Image Editing
Free image editing AI tools for quickly enhancing photos, creating visuals, and manipulating images for projects in art, marketing, and design.
Desigen can generate high-quality design templates, including background images and layout elements. It uses advanced diffusion models for better control and has been tested on over 40,000 advertisement banners, achieving results similar to human designers.
ELLA is a lightweight approach to equip existing CLIP-based diffusion models with LLMs to improve prompt-understanding and enables long dense text comprehension for text-to-image models.
ResAdapter can generate images with any resolution and aspect ratio for diffusion models. It works with various personalized models and processes images efficiently, using only 0.5M parameters while keeping the original style.
OHTA can create detailed and usable hand avatars from just one image. It allows for text-to-avatar conversion and editing of hand textures and shapes, using data-driven hand priors to improve accuracy with limited input.
Multi-LoRA Composition focuses on the integration of multiple Low-Rank Adaptations (LoRAs) to create highly customized and detailed images. The approach is able to generate images with multiple elements without fine-tuning and without losing detail or image quality.
Continuous 3D Words is a control method that can modify attributes in images with a slider based approach. This allows for more control over illumination, non-rigid shape changes (like wings), and camera orientation for instance.
SEELE can move around objects within an image. It does so by removing it, inpainting occluded portions and harmonizing the appearance of the repositioned object with the surrounding areas.
StableIdentity is a method that can generate diverse customized images in various contexts from a single input image. The cool thing about this method is, that it is able to combine the learned identity with ControlNet and even inject it into video (ModelScope) and 3D (LucidDreamer) generation.
InstantID is a ID embedding-based method that can be used to personalize images in various styles using just a single facial image, while ensuring high fidelity.
ControlNet-XS can control text-to-image diffusion models like Stable Diffusion and Stable Diffusion-XL with only 1% of the parameters of the base model. It is about twice as fast as ControlNet and produces higher quality images with better control.
AmbiGen can generate ambigrams by optimizing letter shapes for clear reading from two angles. It improves word accuracy by over 11.6% and reduces edit distance by 41.9% on the 500 most common English words.

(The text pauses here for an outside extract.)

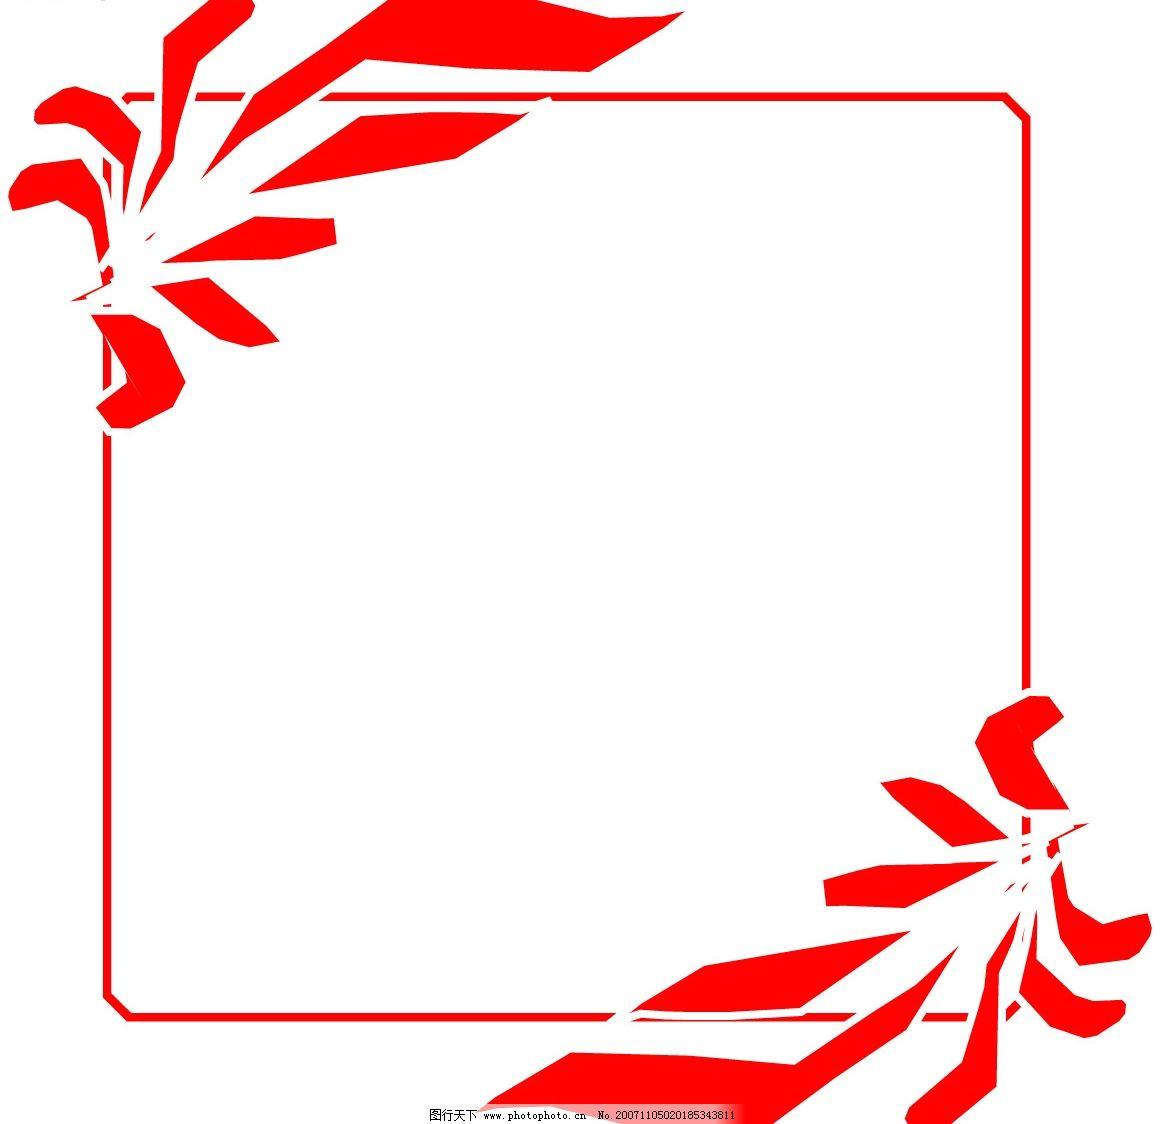 ppt 背景 背景图片 边框 模板 设计 矢量 矢量图 素材 相框 1160_112

Readout Guidance can control text-to-image diffusion models using lightweight networks called readout heads. It enables pose, depth, and edge-guided generation with fewer parameters and training samples, allowing for easier manipulation and consistent identity generation.
DiffusionMat is a novel image matting framework that employs a diffusion model for the transition from coarse to refined alpha mattes. The key innovation of the framework is a correction module that adjusts the output at each denoising step, ensuring that the final result is consistent with the input image’s structures.
Material Palette can extract a palette of PBR materials (albedo, normals, and roughness) from a single real-world image. Looks very useful for creating new materials for 3D scenes or even for generating textures for 2D art.
It’s been a while since I last doomed the TikTok dancers. MagicDance is gonna doom them some more. This model can combine human motion with reference images to precisely generate appearance-consistent videos. While the results still contain visible artifacts and jittering, give it a few months and I’m sure we can’t tell the difference no more.
Object-aware Inversion and Reassembly can edit multiple objects in an image by finding the best steps for each edit. It allows for precise changes in shapes, colors, and materials while keeping the rest of the image intact.
HyperHuman is a text-to-image model that focuses on generating hyper-realistic human images from text prompts and a pose image. The results are pretty impressive and the model is able to generate images in different styles and up to a resolution of 1024x1024.
[Total Selfie] can generate high-quality full-body selfies from close-up selfies and background images. It uses a diffusion-based approach to combine these inputs, creating realistic images in desired poses and overcoming the limits of traditional selfies.
CLE Diffusion can enhance low-light images by letting users control brightness levels and choose specific areas for improvement. It uses an illumination embedding and the Segment-Anything Model (SAM) for precise and natural-looking enhancements.
Interpolating between Images with Diffusion Models can generate smooth transitions between two images using latent diffusion models. It allows for high-quality results across different styles and subjects while using CLIP to select the best images for interpolation.